Only one stretch of the material below is wanted: everything from the line containing "Купить армейские мужские" down to the line containing "ドリームボート(DREAMBOAT)24", both ends included. Repeat it exactly and skip the pictures.

*EXERCISE MATERIALS*
--------------------------------

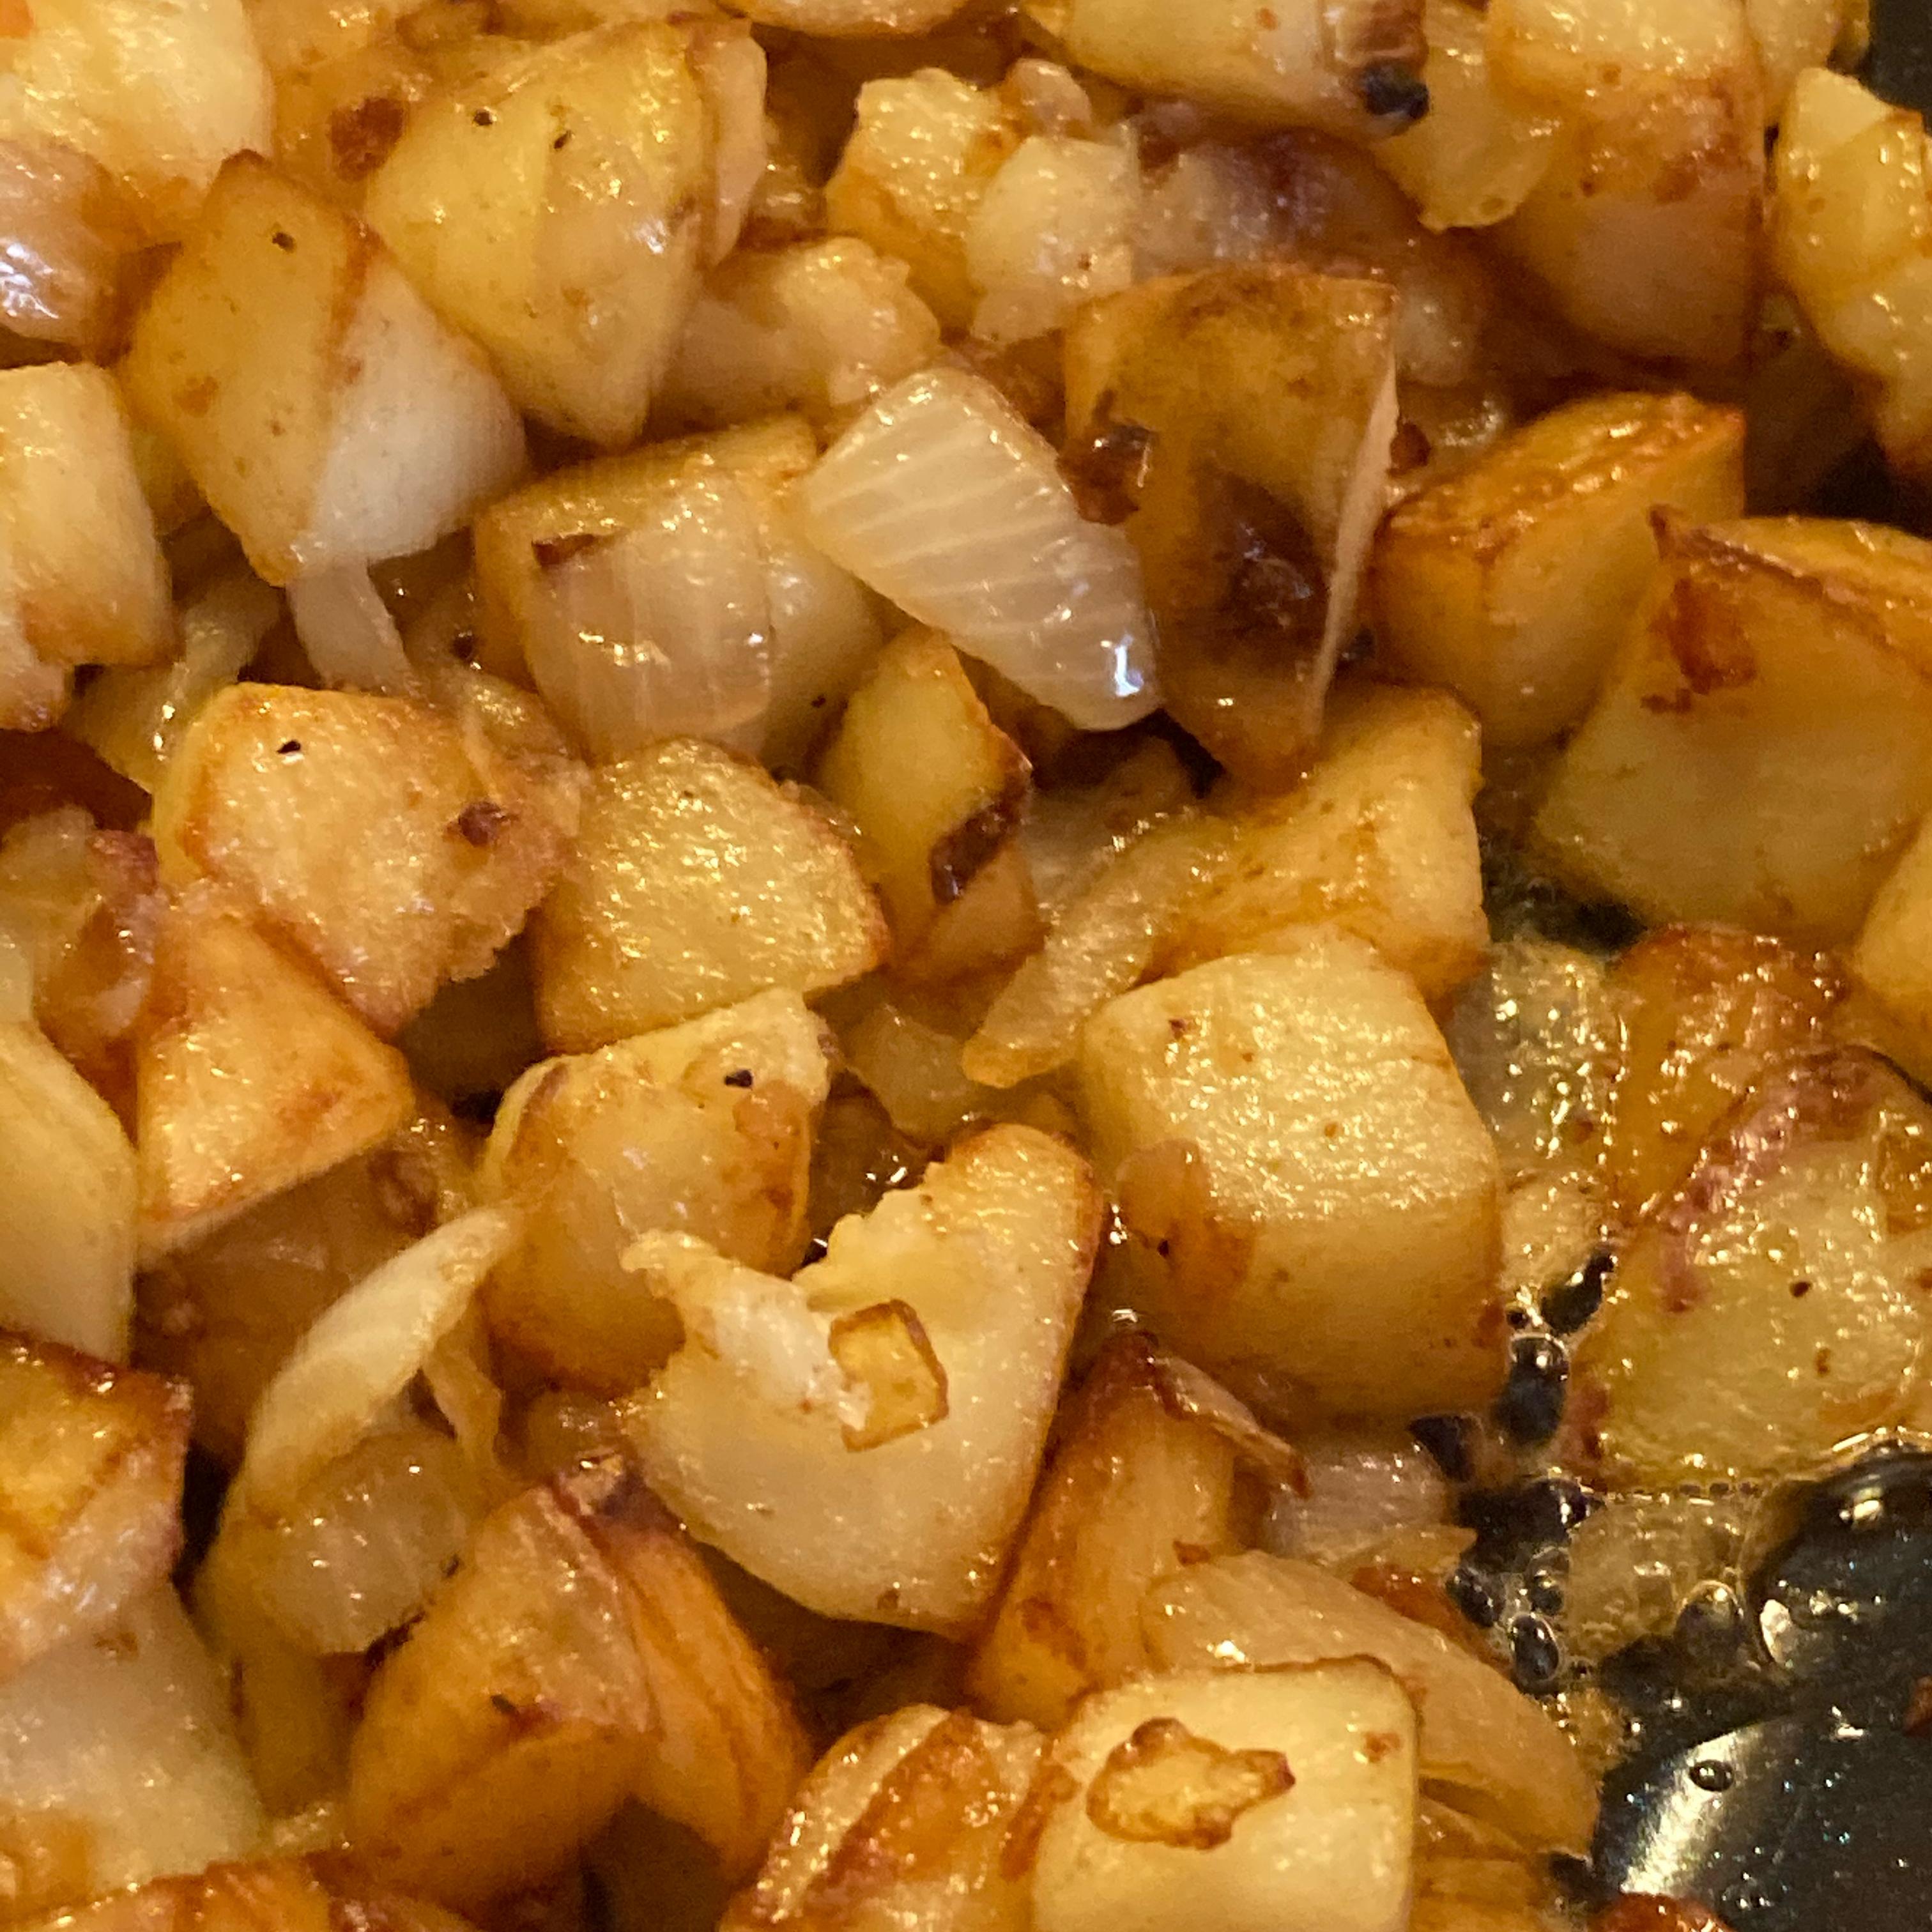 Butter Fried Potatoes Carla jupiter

--------------------------------

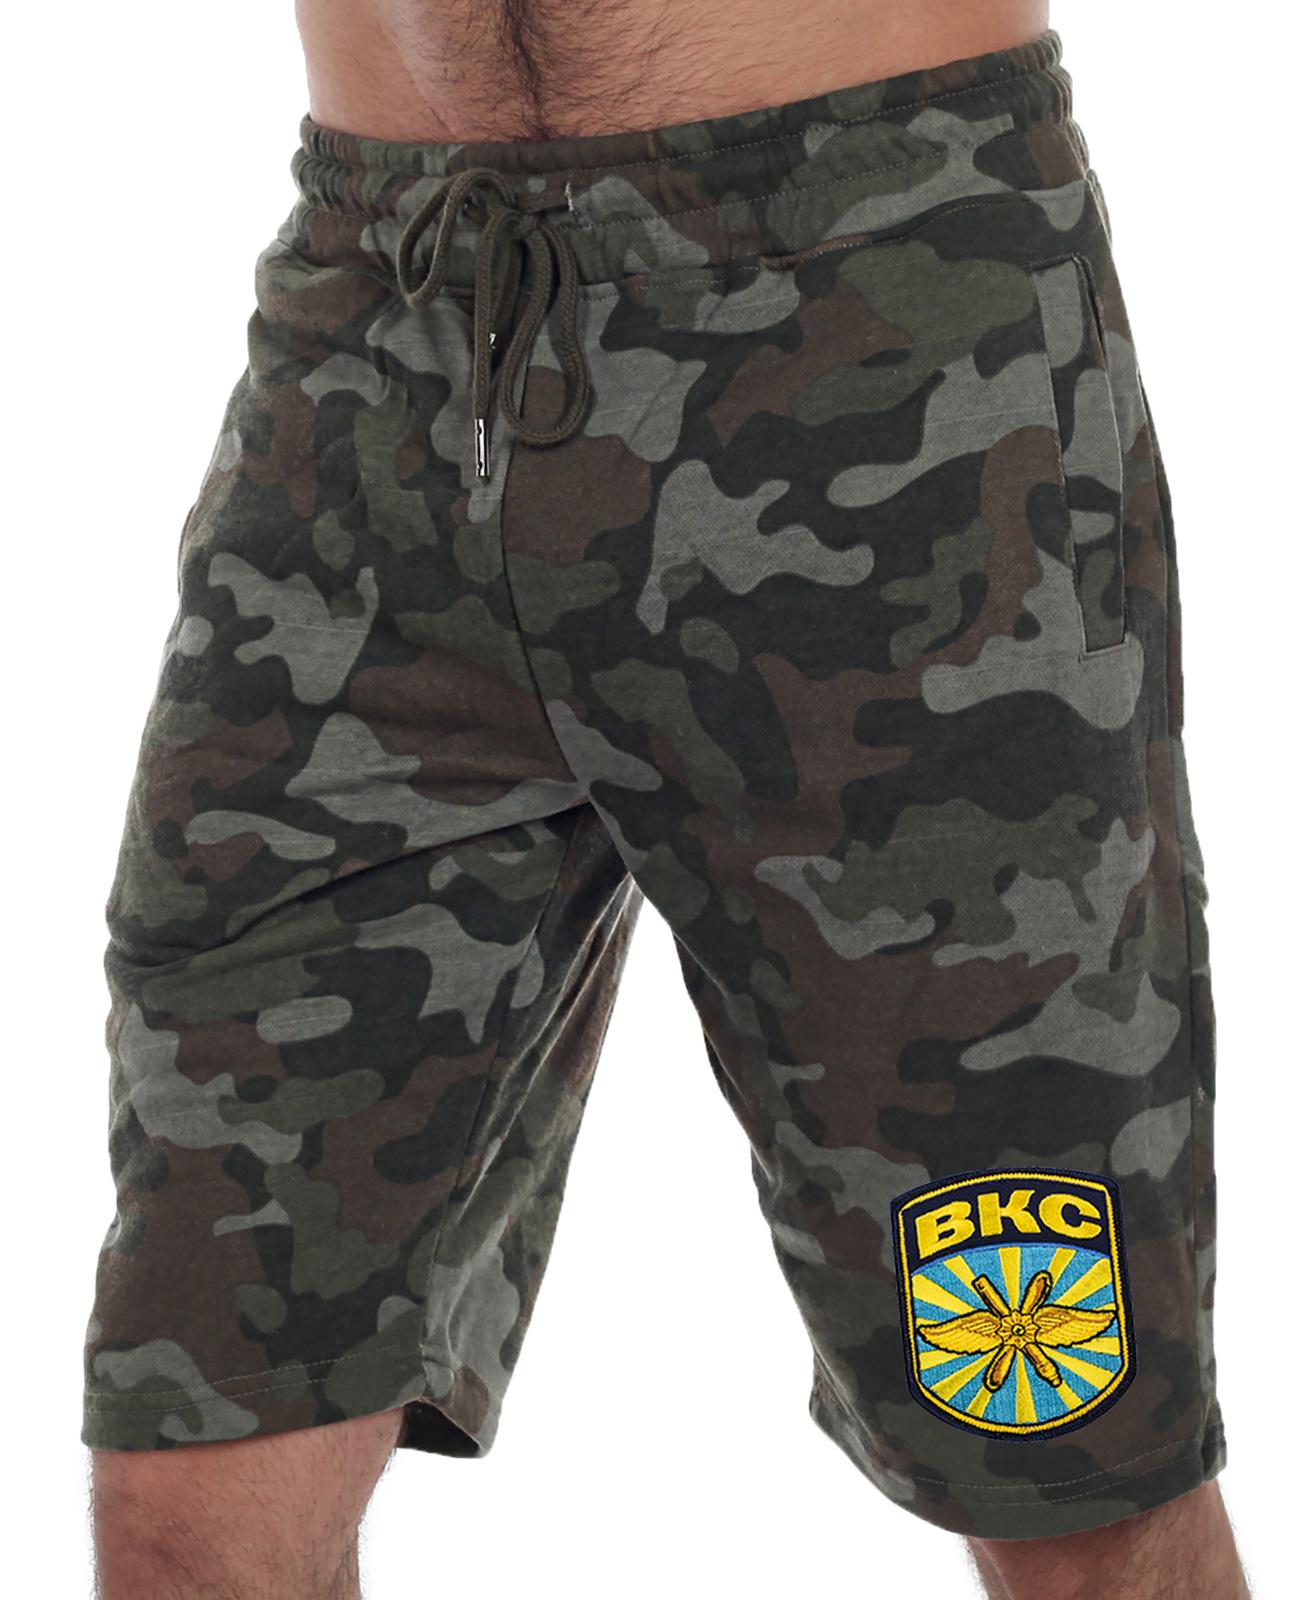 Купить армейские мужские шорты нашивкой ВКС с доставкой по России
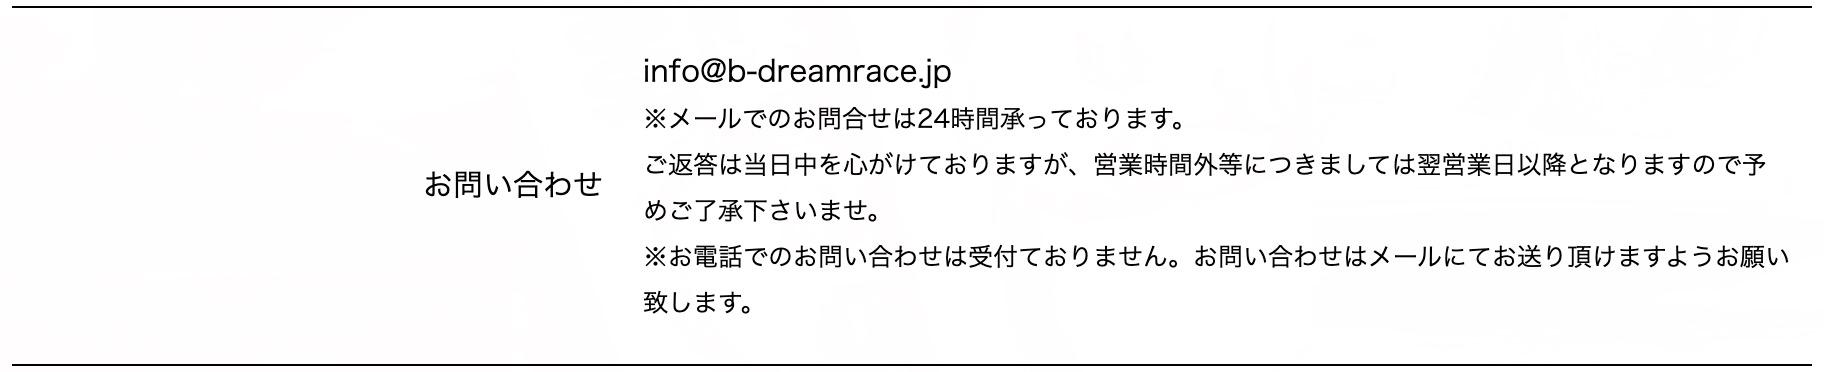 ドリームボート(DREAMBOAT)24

--------------------------------

*SOLUTION FOR THIS EXERCISE*
 Купить армейские мужские шорты нашивкой ВКС с доставкой по России
 ドリームボート(DREAMBOAT)24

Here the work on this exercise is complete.